WHAT IS NEEDED -> Repeat every line of the listing below exactly, minus the pictures.

RECORDED DATA ->
[Start of Attachment]
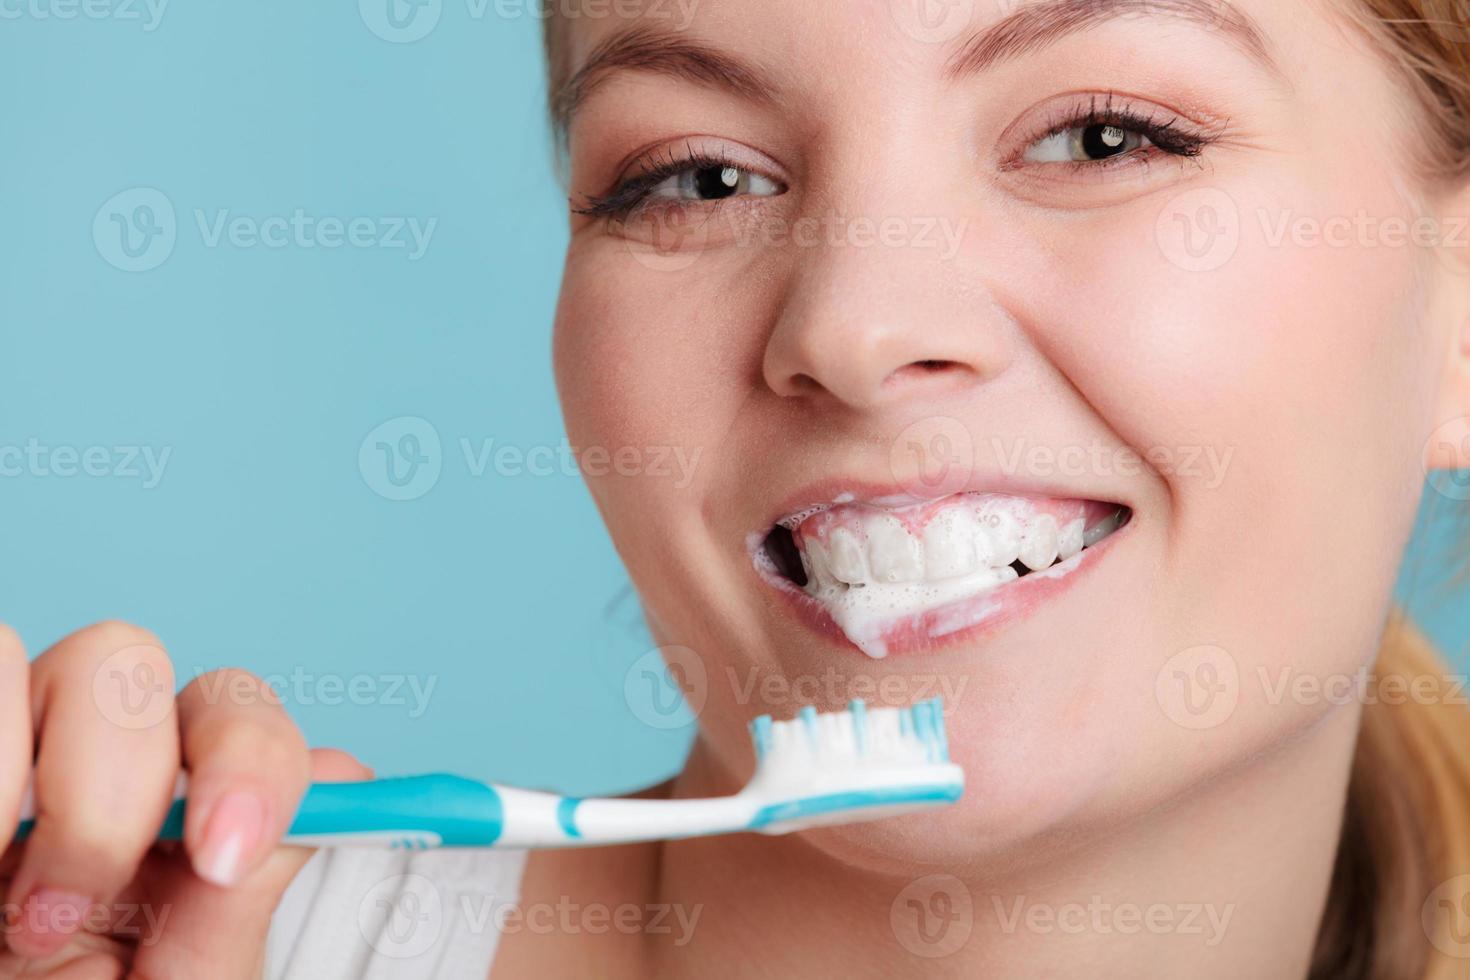 Frau mit Zahnbürste putzen Zähne putzen foto
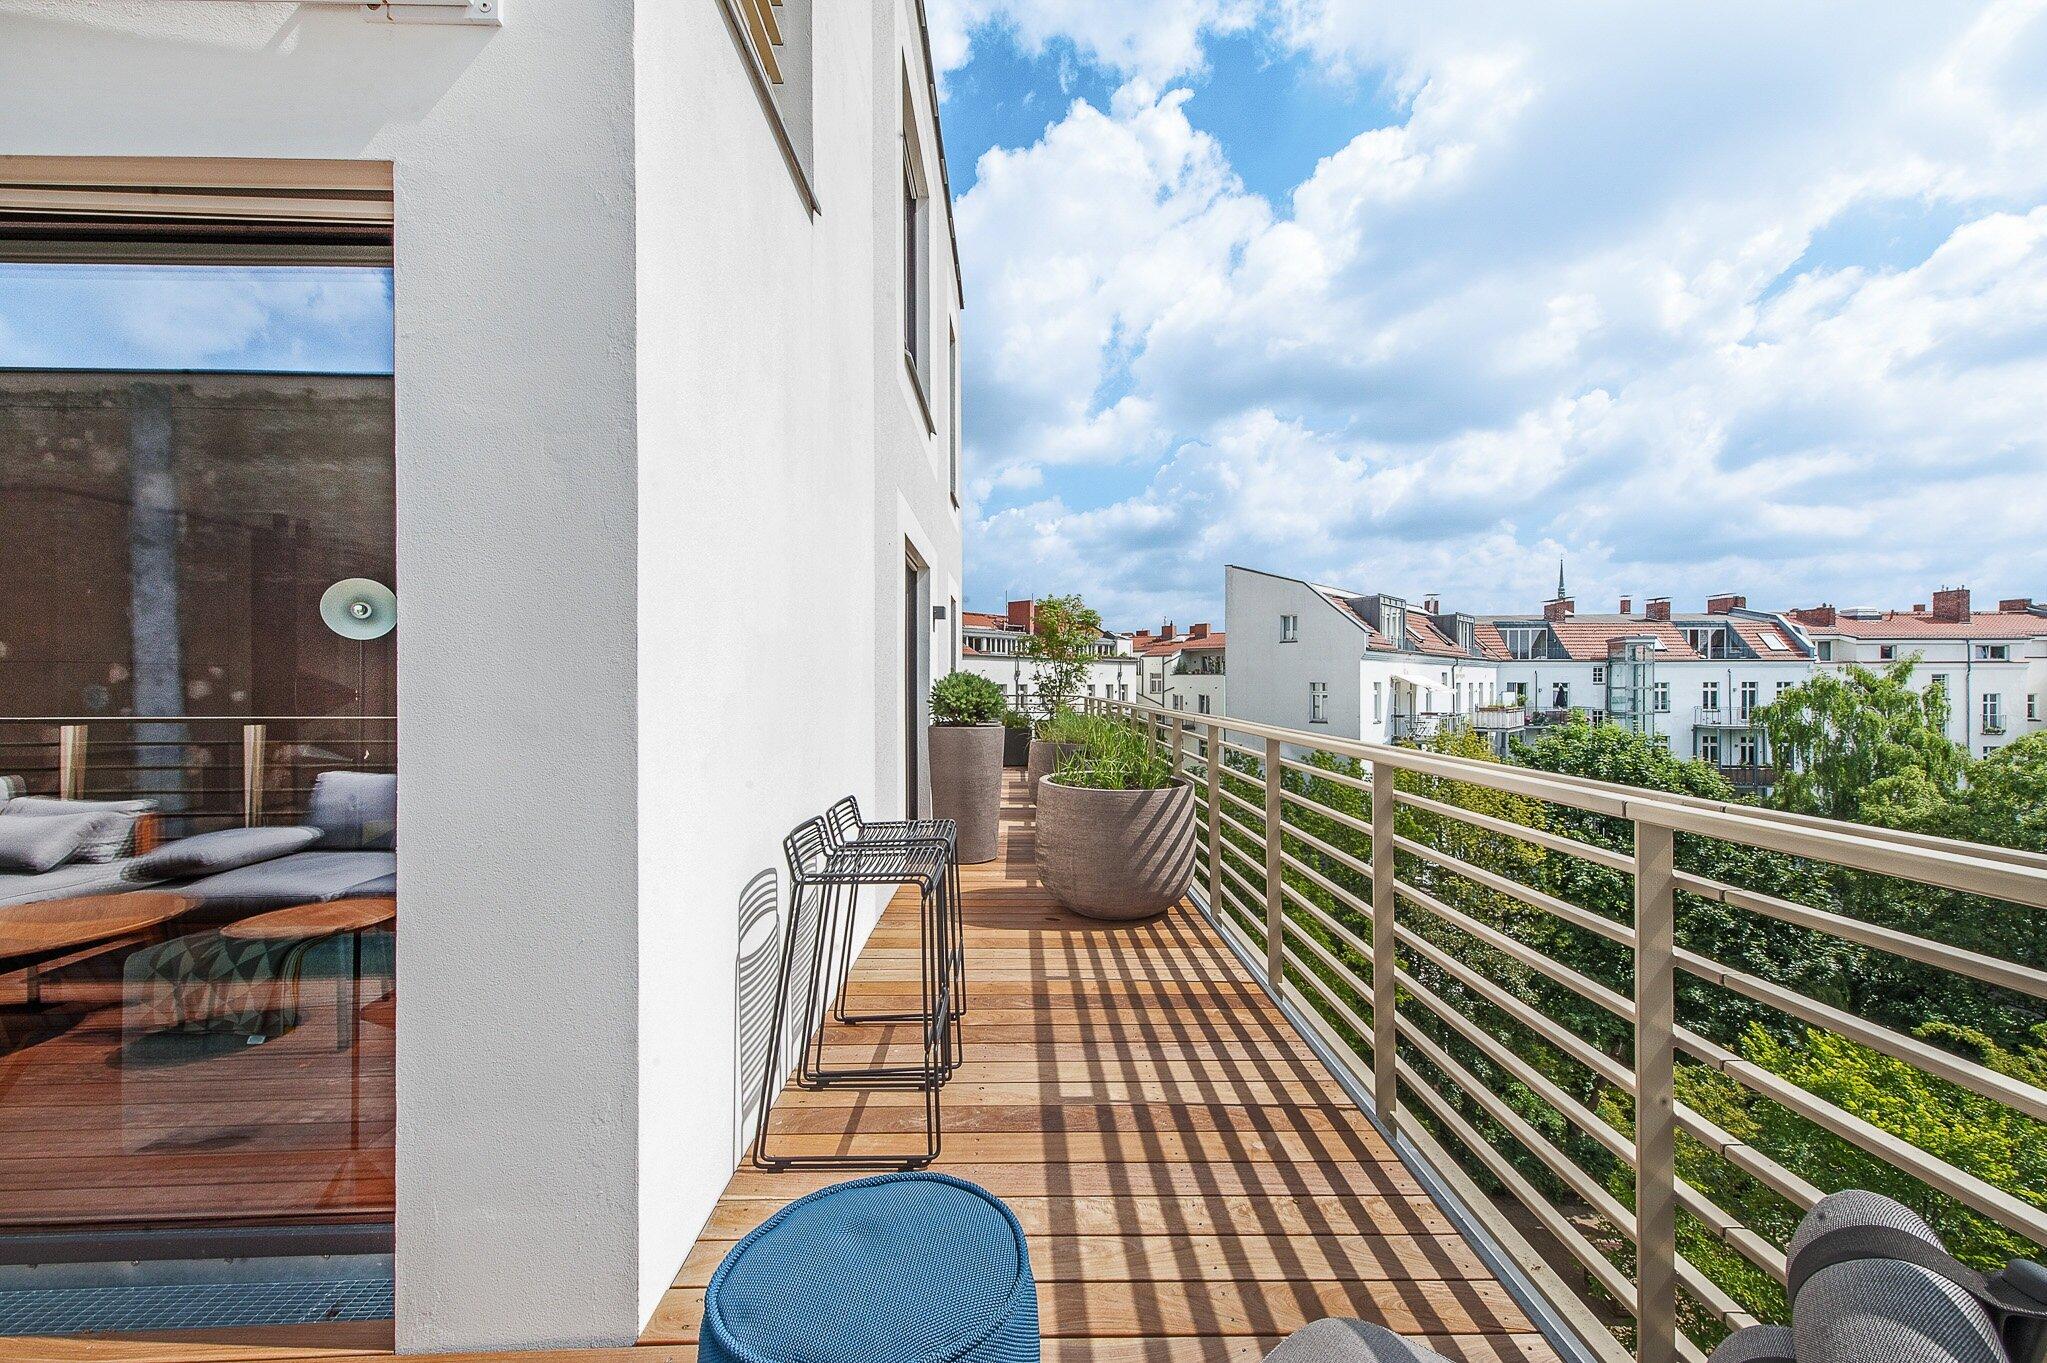 Blick vom Balkon des Apartments über die umliegenden Häuserdächer
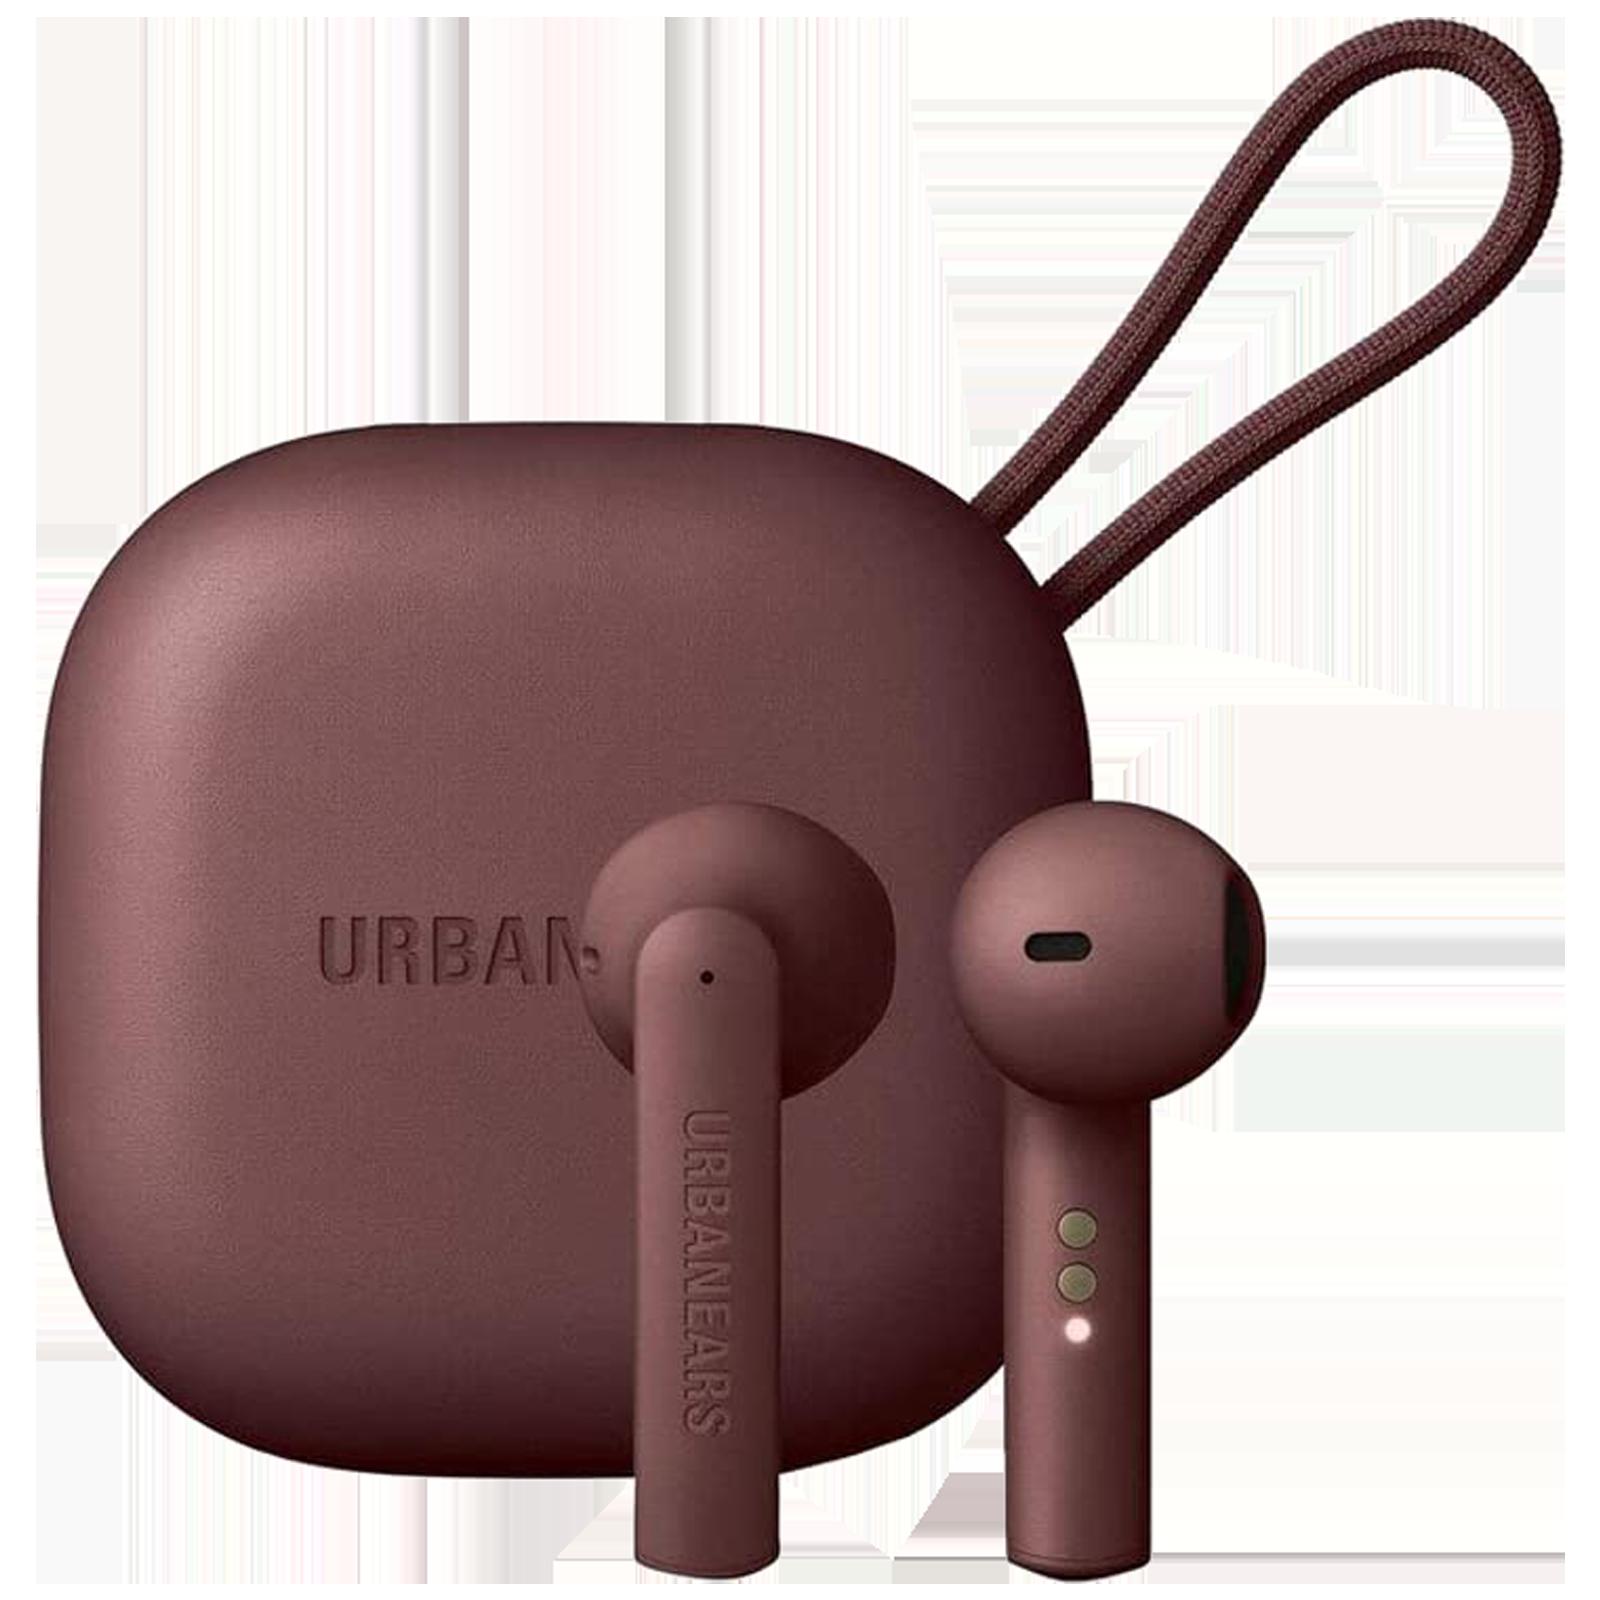 Urbanears Luma In-Ear Truly Wireless Earbuds with Mic (Bluetooth 5.0, Wear Detect Sensor, UE-LUMA-MRN, True Maroon)_1
[End of Attachment]
ANSWER TO THIS PROBLEM ->
 Frau mit Zahnbürste putzen Zähne putzen foto
 Blick vom Balkon des Apartments über die umliegenden Häuserdächer
 Urbanears Luma In-Ear Truly Wireless Earbuds with Mic (Bluetooth 5.0, Wear Detect Sensor, UE-LUMA-MRN, True Maroon)_1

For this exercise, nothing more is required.